Firstly, it is still far from making a profit.

In parallel with the increase in revenue, Deepway's losses also increase. The losses in the same period were 267 million yuan, 389 million yuan, 675 million yuan, and 371 million yuan. Over three and a half years, the cumulative loss amounted to 1.702 billion yuan, representing a situation of "revenue growth without profit growth". According to the listing application, the funds are mainly used for the research and development of core technologies, the expansion of factories, and the strengthening of the sales network.

Secondly, the customer concentration is high.

According to the listing application, Deepway's revenue from the top five customers in 2024 was 999 million yuan, accounting for 50.7% of the revenue; among them, the revenue from the largest customer was 505 million yuan, accounting for 25.7%. In the first half of 2025, the proportion of revenue from the top five customers was still 51.4%, and the risk of customer concentration has not improved.

Thirdly, there is an "overlap between customers and suppliers".

The listing application shows that there is partially an "overlap between customers and suppliers" at Deepway. One of the top five customers is also one of the top five suppliers. Specifically, Customer A (a subsidiary of Supplier A) buys batteries from Deepway to rent them to end - customers, while Supplier A supplies batteries to Deepway for use in its new - energy trucks.

Fourthly, there is a risk of supply chain uniformity.
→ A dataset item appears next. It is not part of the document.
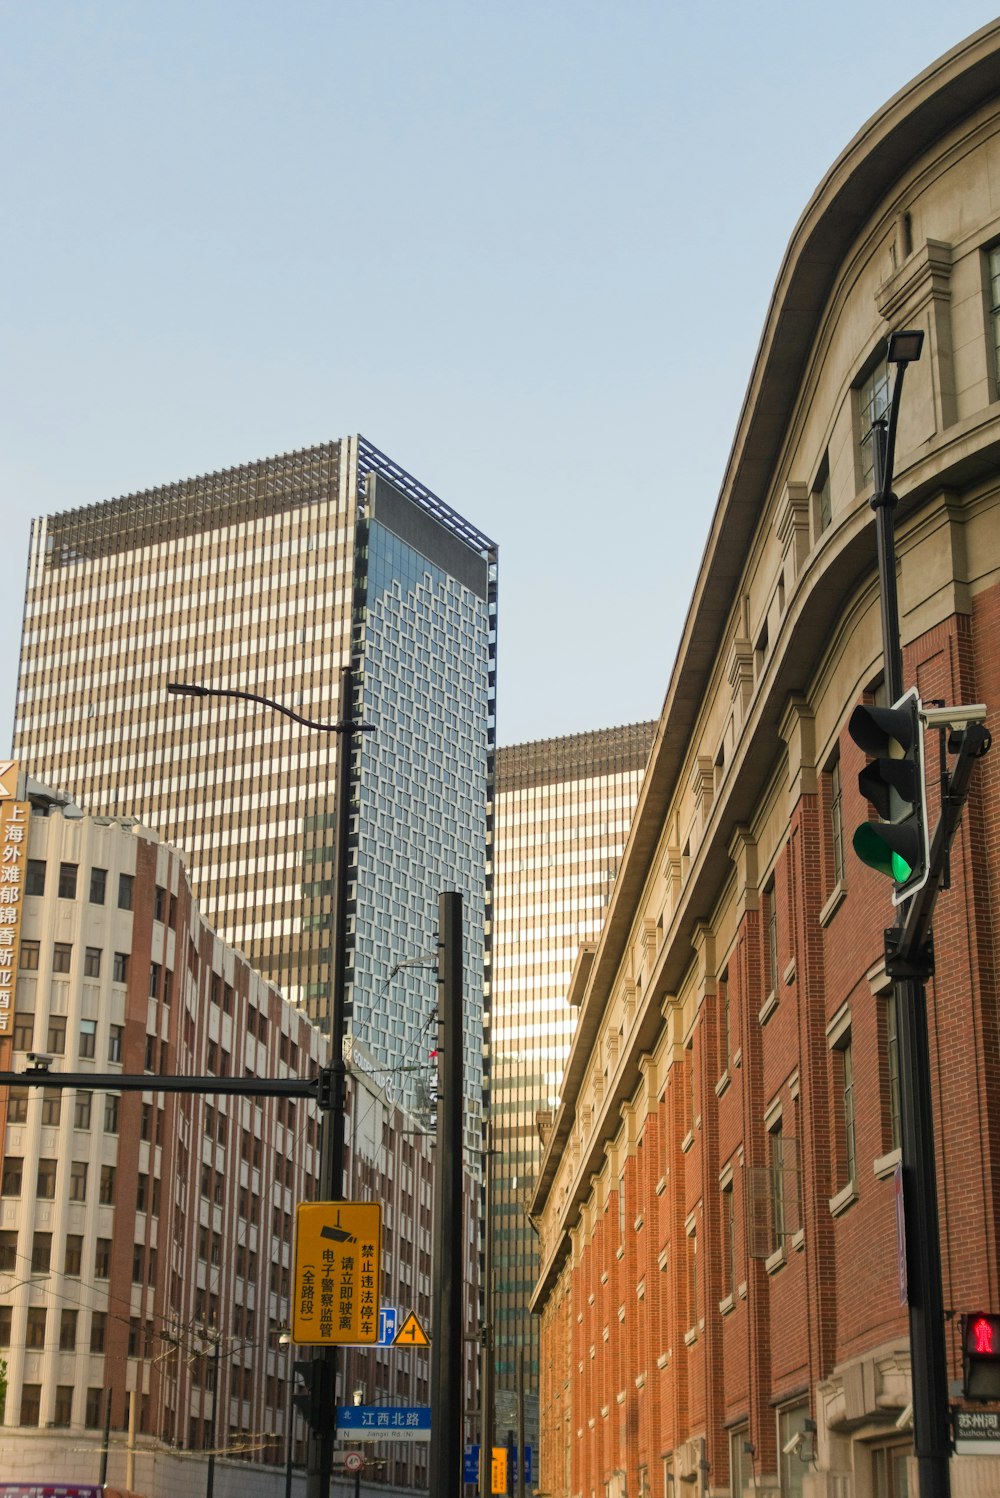 Un semáforo en una calle de la ciudad junto a edificios altos

In 2024, the purchase value of Deepway from the top five suppliers accounted for 92.3% of the total purchase, and the purchase value from the largest supplier was 2.23 billion yuan, accounting for 61%. The core suppliers include battery supplier Ningde Times and the partner for whole - vehicle adaptation Jianghuai Automobile. The high concentration of the supply chain leads to weak bargaining power. If the core suppliers interrupt the supply or increase the prices, it will directly affect production continuity and cost control.

Deepway has a high debt ratio

Fifthly, the debt ratio is high.

In 2022, 2023, 2024, and the first half of 2025, the total assets were 508 million yuan, 1.348 billion yuan, 2.556 billion yuan, and 3.92 billion yuan respectively, while the total liabilities of the company in the same period were 691 million yuan, 1.92 billion yuan, 3.804 billion yuan, and 5.539 billion yuan respectively.
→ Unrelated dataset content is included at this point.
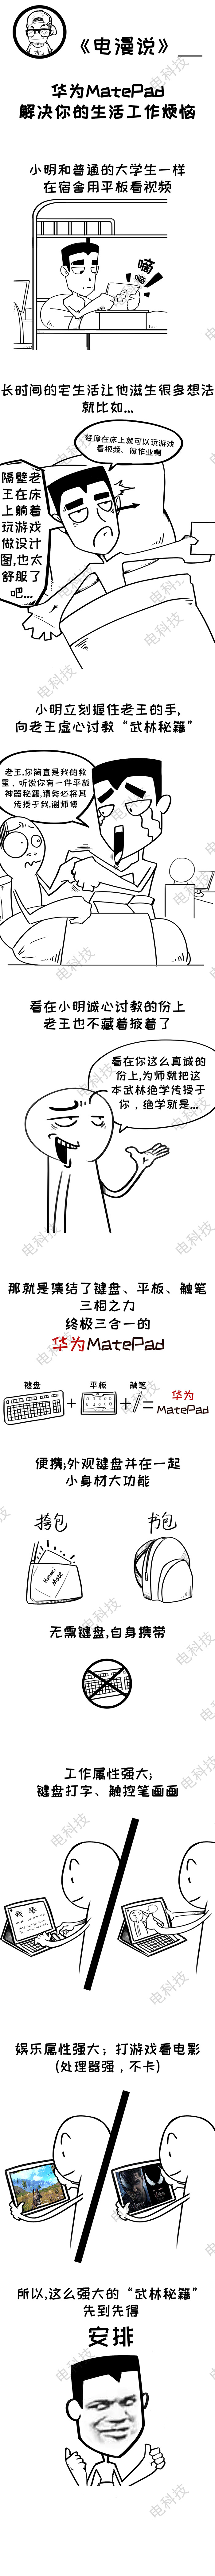 【电漫说】 真香平板来袭，华为MatePad会成为你的随身生产工具吗？

This means that Deepway's debt ratio during the reporting period was 136%, 142.43%, 148.83%, and 141.3% respectively and was always higher than 100%.

In addition, the listing application also shows that Deepway's trade and other receivables have increased from 39.4 million yuan at the end of 2022 to 1.415 billion yuan at the end of the first half of this year.

Deepway has explained: "This is mainly due to the rapid increase in the sales of new - energy trucks. (But) As the customer base continues to expand, the credit risk we are exposed to may increase."

The decision after five years and 1.96 billion yuan in capital raising: Listing as a lifesaver

Founded in 2020, DeepWay is a joint venture between Baidu and the truck logistics company Shiqiao.